# The data:
------------------------------
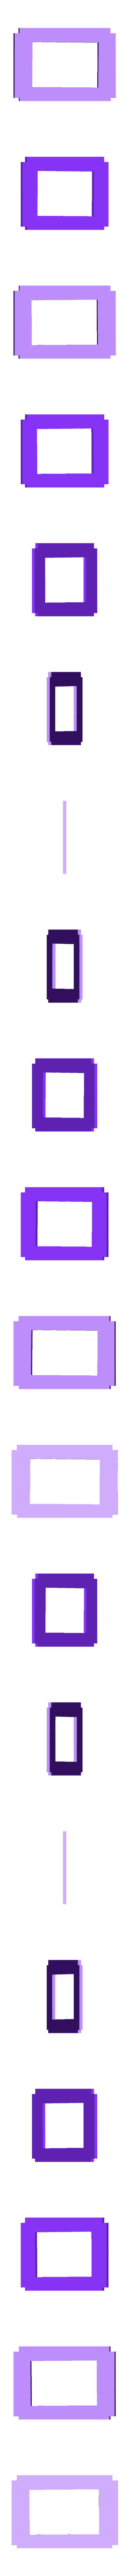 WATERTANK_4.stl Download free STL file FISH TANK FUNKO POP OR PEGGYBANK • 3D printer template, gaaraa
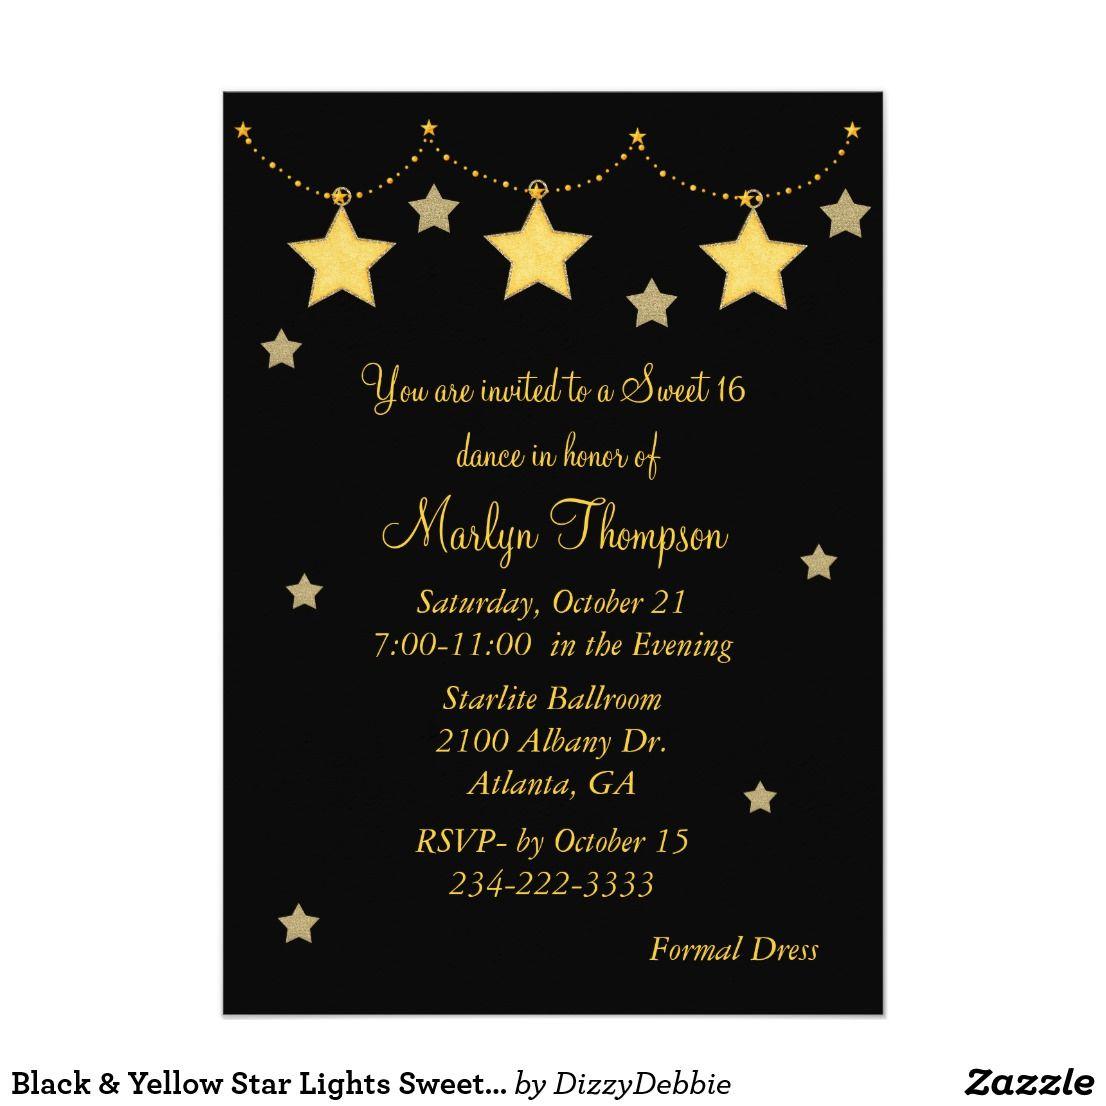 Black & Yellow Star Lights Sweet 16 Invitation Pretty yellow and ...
------------------------------
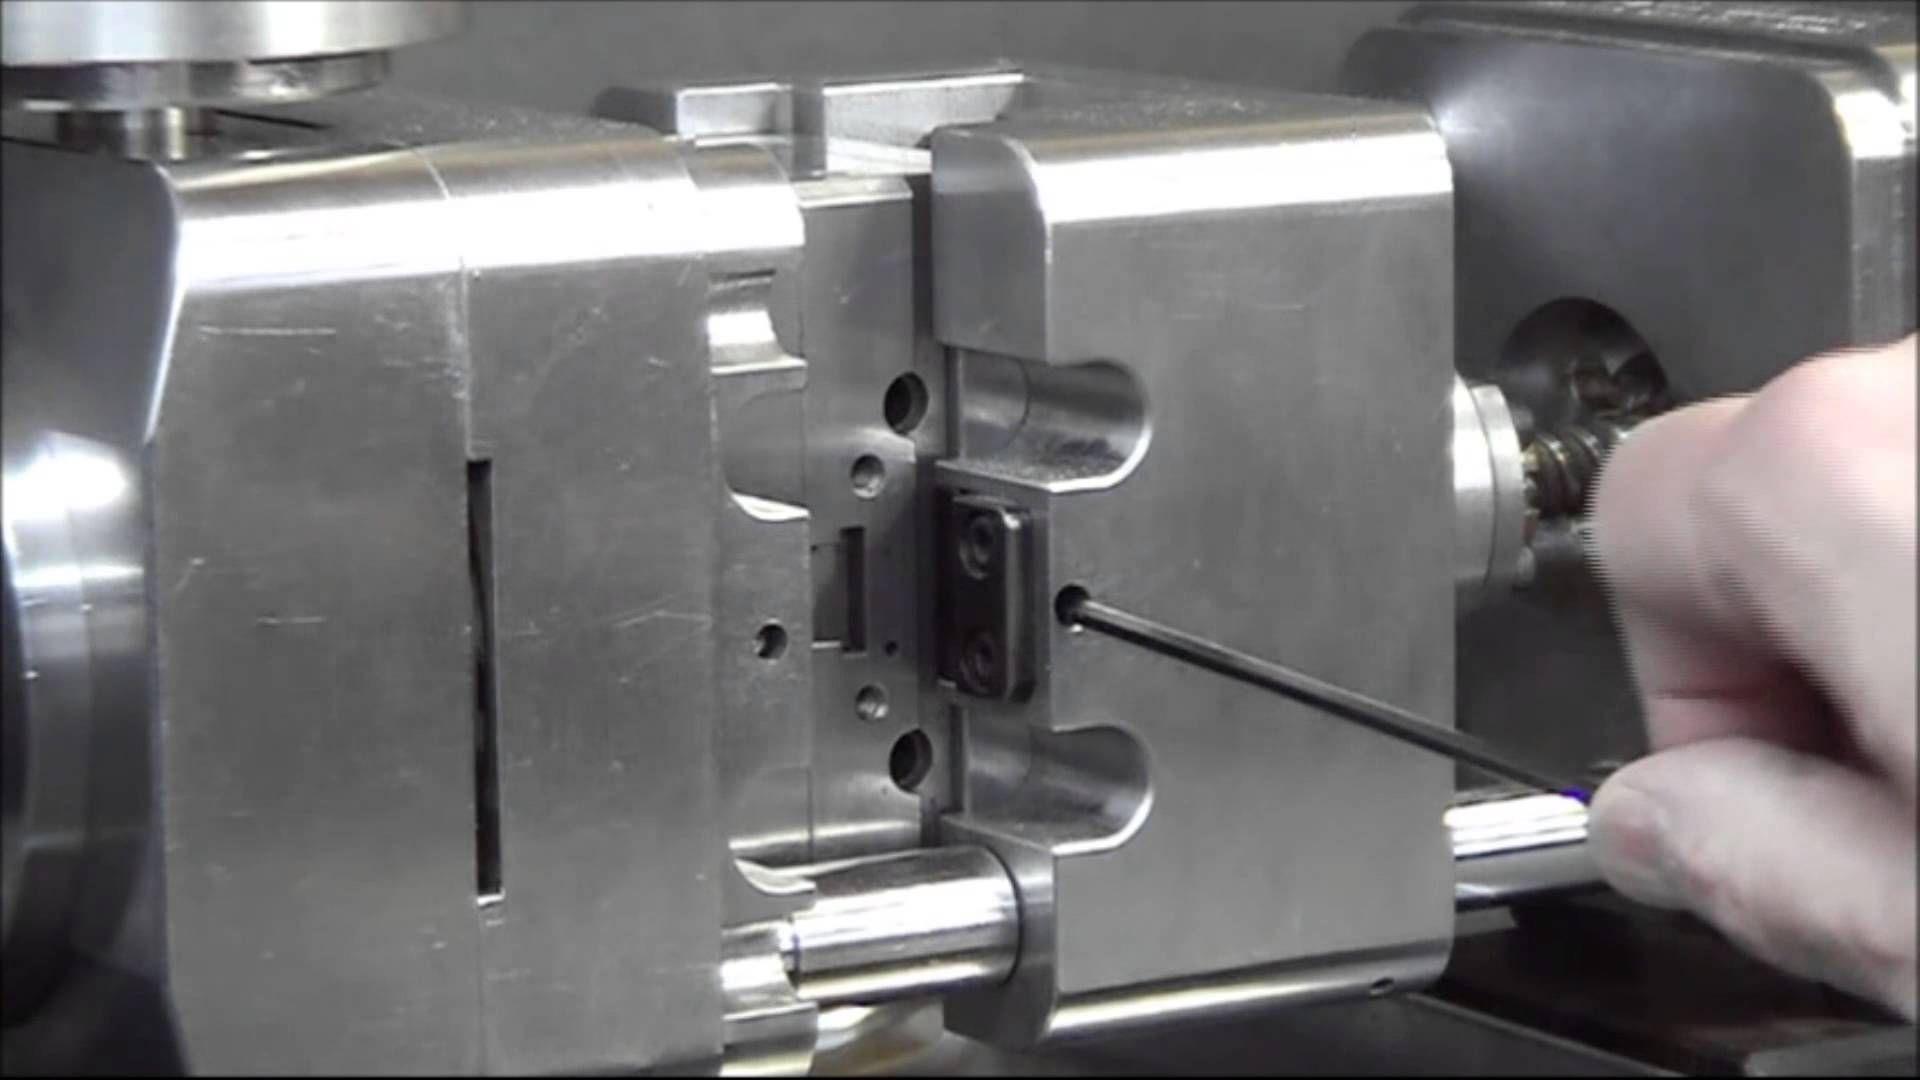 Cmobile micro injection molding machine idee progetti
------------------------------
# Your goal:
Only one stretch of the material above is wanted: the line containing "WATERTANK_4.stl Download free" through the line containing "Black & Yellow". Restate it word for word, minus the pictures.

# Answer section:
 WATERTANK_4.stl Download free STL file FISH TANK FUNKO POP OR PEGGYBANK • 3D printer template, gaaraa
 Black & Yellow Star Lights Sweet 16 Invitation Pretty yellow and ...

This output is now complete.